Today’s Gospel: Matthew 10:34—11:1 – Memorial of St. Bonaventure
Whoever receives you receives me, and whoever receives me receives the one who sent me. Matt. 10:40
Last year, at a parent-teacher conference for one of my boys, a teacher was slamming my son. The more she complained about his messy work and work space, the more I realized she just did not understand or accept how adolescent boys are. On the one hand, I could appreciate where she was coming from. I share her same Type A personality. I like things neat, organized and on time. I too get frustrated with my son’s sloppiness and Type B tendencies. But as she continued to complain about him, I refused to let on that I shared her frustrations. He’s my son, after all. I have to have his back. Accordingly, I went the other way and defended him, telling her all about the wonderful things he does that she clearly didn’t recognize.
Her prejudice had her deaf to anything I said. Her lack of acceptance of my son was extending to me. When I finally realized she was the lost cause, not him, I ended the conference. No school is perfect, and not all teachers love every student. Nonetheless, I was still crushed. So many of his previous teachers loved him. In fact, I still send Christmas cards to one of them.

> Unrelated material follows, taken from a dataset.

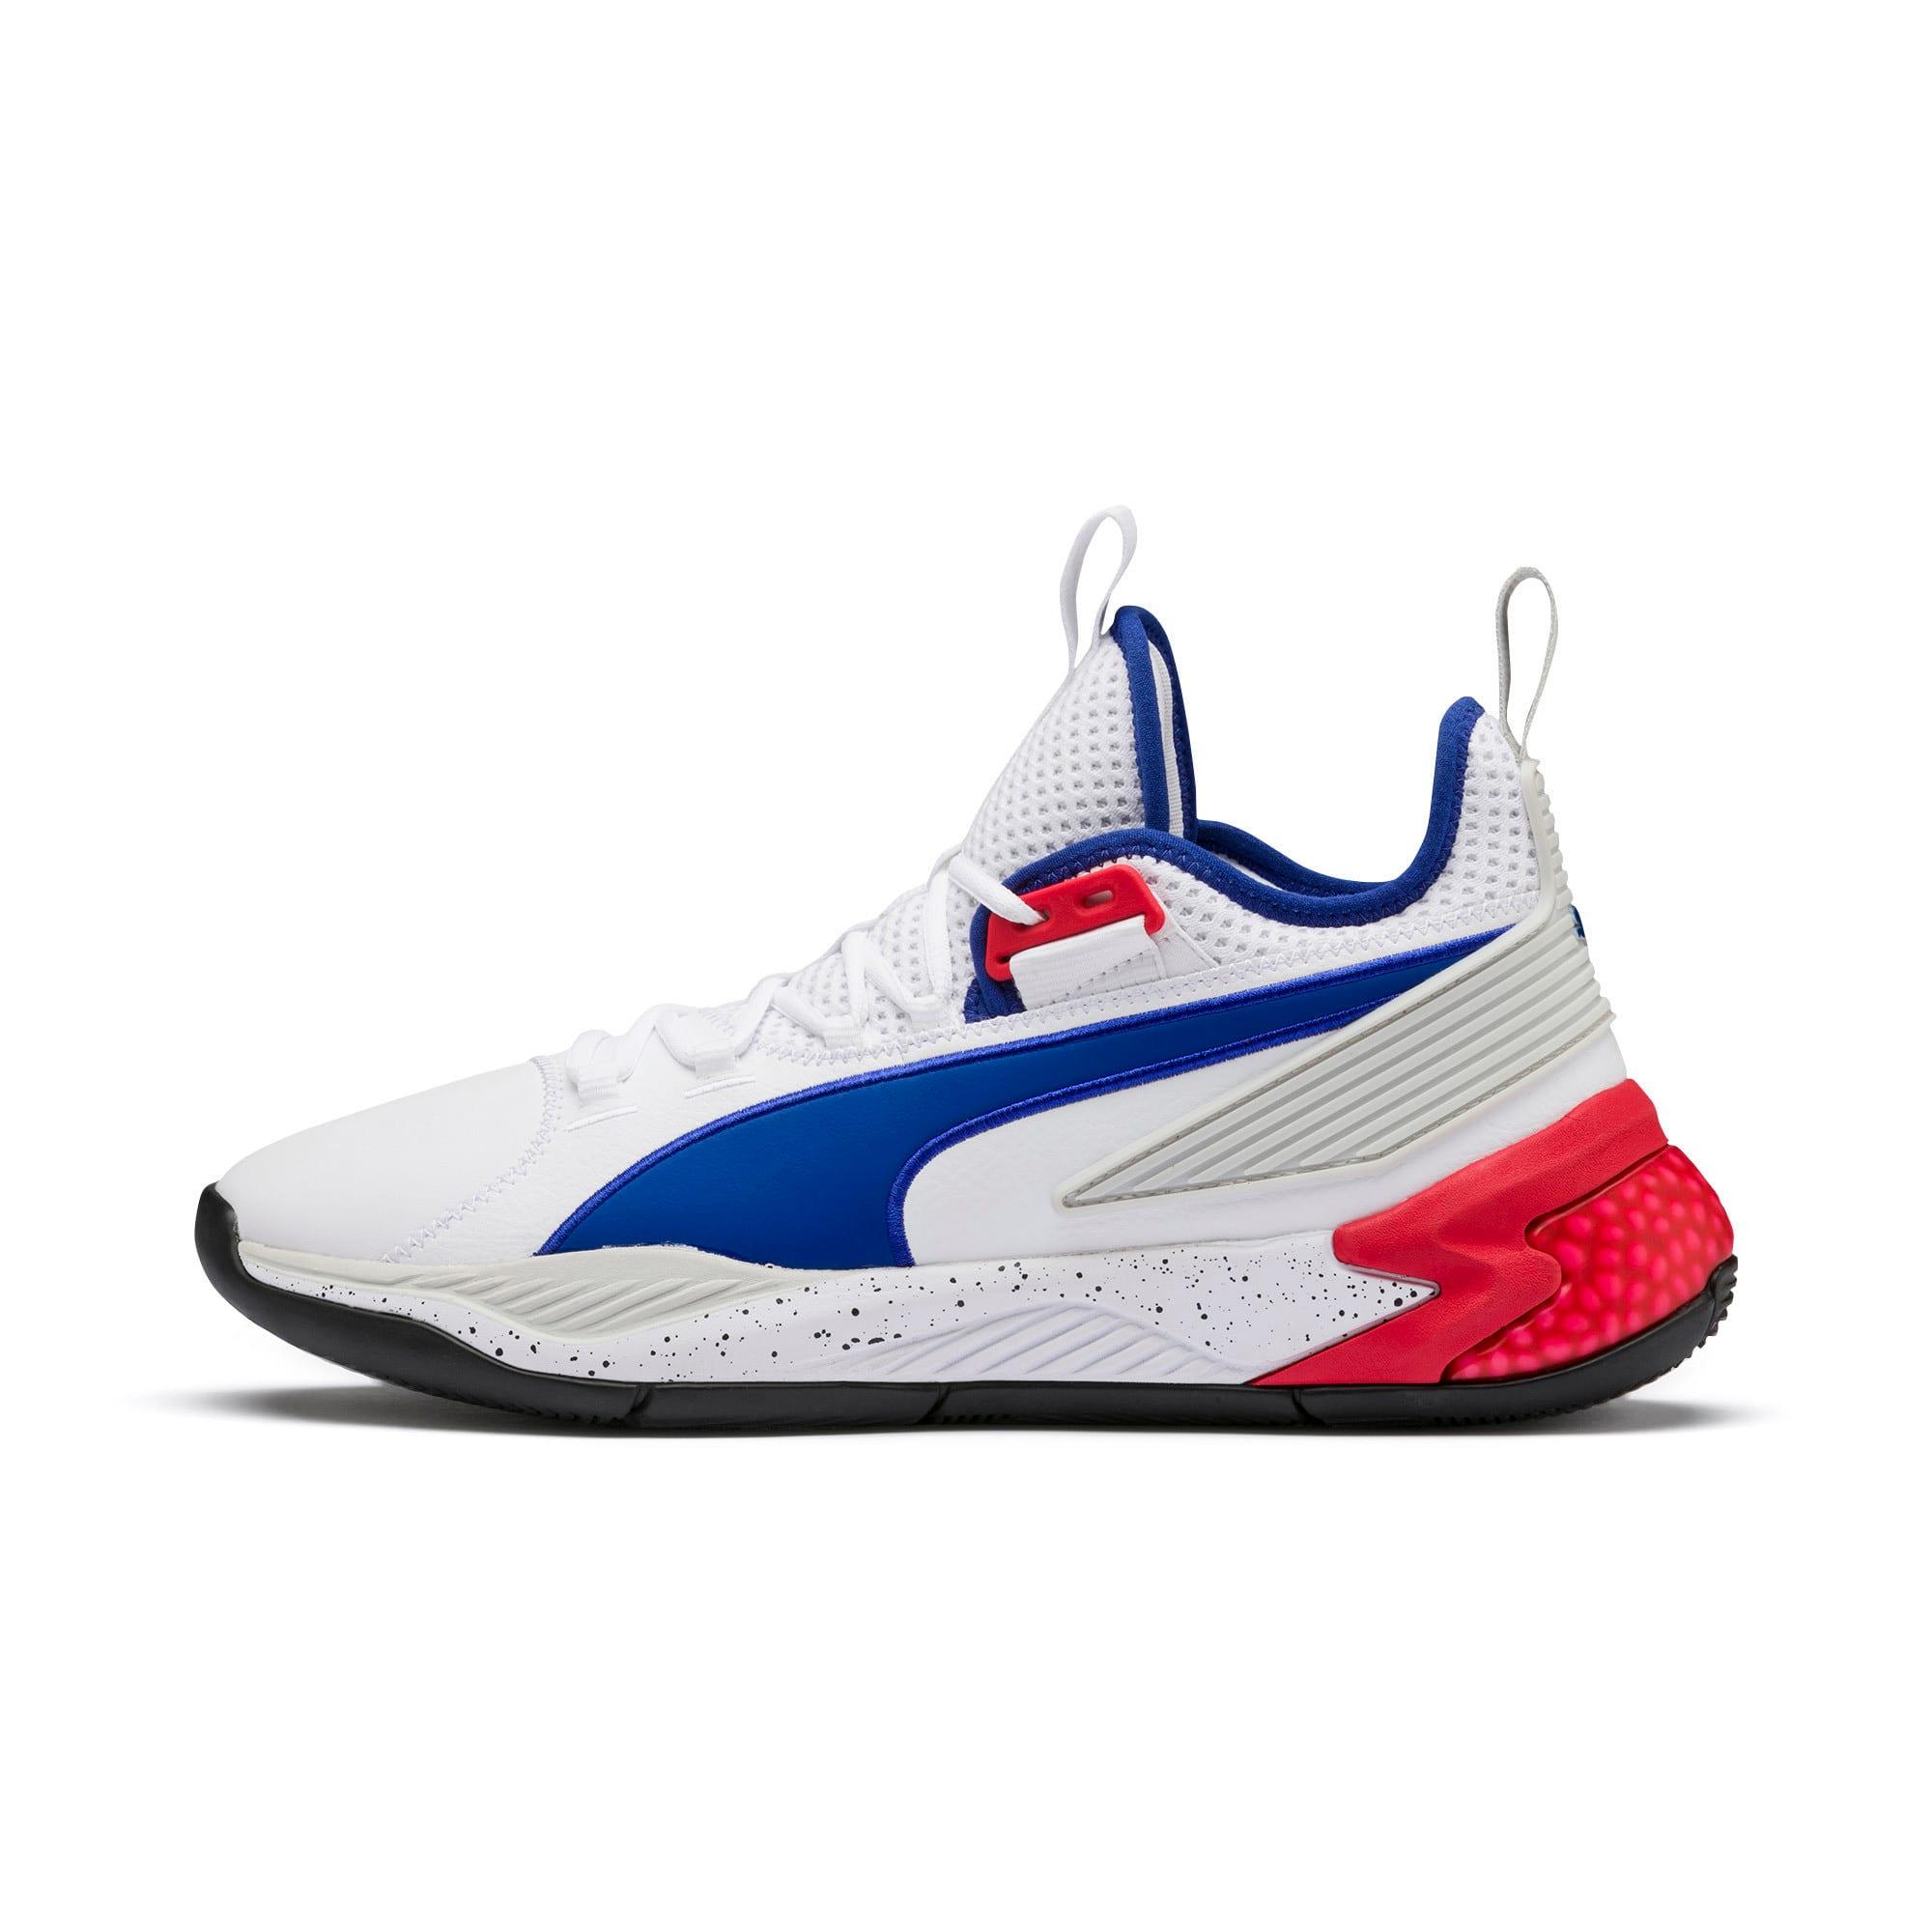 premier taux 1d26a e58f5 Chaussure de basketball Uproar Palace Guard pour homme

When they welcomed and received my son, they received my heart.
The same holds true for God and Jesus. Not everyone welcomed Jesus and His teachings. But the ones who did receive Him received God’s heart too.
How am I affected when people receive or reject my child(ren)? How do you suppose God is affected when people receive or reject His Son?
Father of All, fill me with the grace I need to accept when people reject my child(ren).